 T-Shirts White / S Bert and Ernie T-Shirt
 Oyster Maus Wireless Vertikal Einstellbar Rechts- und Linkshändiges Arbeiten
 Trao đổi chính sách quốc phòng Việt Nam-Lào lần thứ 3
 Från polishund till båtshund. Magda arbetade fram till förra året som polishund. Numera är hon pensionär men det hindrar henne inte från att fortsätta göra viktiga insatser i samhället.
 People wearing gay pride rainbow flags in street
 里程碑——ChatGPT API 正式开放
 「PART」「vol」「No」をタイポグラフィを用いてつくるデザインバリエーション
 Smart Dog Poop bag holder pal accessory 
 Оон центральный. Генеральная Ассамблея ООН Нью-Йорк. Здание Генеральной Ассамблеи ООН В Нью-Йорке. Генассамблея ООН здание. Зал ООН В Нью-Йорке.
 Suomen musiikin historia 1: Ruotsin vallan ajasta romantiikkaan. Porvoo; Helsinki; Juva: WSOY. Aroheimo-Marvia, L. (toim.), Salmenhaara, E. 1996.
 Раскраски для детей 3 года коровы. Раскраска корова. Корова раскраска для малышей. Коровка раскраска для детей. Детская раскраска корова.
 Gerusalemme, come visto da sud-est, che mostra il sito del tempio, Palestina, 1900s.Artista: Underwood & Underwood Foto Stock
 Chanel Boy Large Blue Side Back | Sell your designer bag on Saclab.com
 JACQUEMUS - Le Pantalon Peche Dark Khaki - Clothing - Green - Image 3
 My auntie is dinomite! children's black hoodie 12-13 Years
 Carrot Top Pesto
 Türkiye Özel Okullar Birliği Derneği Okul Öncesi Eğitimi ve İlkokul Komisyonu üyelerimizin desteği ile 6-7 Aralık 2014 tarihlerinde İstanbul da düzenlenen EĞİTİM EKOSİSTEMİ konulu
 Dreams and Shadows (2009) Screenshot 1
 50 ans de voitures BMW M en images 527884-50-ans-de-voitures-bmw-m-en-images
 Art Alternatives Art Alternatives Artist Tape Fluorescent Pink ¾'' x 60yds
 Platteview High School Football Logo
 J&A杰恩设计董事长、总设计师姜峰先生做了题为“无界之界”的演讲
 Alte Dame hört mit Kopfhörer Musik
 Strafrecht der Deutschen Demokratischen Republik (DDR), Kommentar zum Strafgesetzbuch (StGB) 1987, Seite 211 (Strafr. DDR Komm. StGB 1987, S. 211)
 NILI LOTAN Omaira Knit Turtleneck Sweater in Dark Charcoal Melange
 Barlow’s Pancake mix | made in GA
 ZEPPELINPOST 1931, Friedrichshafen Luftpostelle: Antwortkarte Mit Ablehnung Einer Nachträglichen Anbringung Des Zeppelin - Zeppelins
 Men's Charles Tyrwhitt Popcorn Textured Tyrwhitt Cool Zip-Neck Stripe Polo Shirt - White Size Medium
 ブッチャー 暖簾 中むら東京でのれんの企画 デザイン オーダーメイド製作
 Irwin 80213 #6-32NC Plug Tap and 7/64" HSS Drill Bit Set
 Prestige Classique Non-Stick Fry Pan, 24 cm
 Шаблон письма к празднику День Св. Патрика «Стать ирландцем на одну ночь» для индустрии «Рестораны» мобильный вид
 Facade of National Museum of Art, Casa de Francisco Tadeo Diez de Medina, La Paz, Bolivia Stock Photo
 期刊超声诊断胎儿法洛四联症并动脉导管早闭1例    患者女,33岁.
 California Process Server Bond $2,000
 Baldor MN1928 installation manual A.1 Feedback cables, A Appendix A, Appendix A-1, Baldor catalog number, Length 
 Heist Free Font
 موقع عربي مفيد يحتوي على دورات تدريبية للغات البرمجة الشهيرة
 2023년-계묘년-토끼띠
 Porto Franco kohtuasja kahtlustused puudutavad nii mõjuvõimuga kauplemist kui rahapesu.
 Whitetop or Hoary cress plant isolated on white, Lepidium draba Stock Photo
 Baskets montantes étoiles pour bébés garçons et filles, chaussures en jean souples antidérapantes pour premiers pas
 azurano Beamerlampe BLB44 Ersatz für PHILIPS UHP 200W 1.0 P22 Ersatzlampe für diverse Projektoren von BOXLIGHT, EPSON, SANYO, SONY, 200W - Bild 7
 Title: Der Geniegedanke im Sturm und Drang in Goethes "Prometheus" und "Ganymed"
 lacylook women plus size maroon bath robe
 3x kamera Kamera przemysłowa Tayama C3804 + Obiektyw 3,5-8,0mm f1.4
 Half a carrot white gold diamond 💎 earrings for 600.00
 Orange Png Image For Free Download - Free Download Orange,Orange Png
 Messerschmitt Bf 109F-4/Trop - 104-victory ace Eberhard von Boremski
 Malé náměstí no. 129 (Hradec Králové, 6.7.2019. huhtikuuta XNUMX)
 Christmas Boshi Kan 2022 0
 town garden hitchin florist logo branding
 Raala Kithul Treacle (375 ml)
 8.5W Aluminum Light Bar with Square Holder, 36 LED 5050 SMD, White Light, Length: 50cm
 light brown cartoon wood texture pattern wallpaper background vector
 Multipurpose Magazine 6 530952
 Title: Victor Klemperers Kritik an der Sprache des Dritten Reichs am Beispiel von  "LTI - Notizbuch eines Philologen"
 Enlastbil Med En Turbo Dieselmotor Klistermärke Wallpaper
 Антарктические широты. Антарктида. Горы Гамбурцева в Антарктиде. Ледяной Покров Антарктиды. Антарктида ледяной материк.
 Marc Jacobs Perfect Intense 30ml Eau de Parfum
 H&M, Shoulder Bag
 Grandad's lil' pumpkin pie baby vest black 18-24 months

◇ ◇ ◇ ◇ ◇

▶ **Task prompt**
Find the line with "Whitetop or Hoary" in the material above. Reproduce it and each line after it up to and including the line with "lacylook women plus size maroon bath robe".

▶ **Response to the exercise**
 Whitetop or Hoary cress plant isolated on white, Lepidium draba Stock Photo
 Baskets montantes étoiles pour bébés garçons et filles, chaussures en jean souples antidérapantes pour premiers pas
 azurano Beamerlampe BLB44 Ersatz für PHILIPS UHP 200W 1.0 P22 Ersatzlampe für diverse Projektoren von BOXLIGHT, EPSON, SANYO, SONY, 200W - Bild 7
 Title: Der Geniegedanke im Sturm und Drang in Goethes "Prometheus" und "Ganymed"
 lacylook women plus size maroon bath robe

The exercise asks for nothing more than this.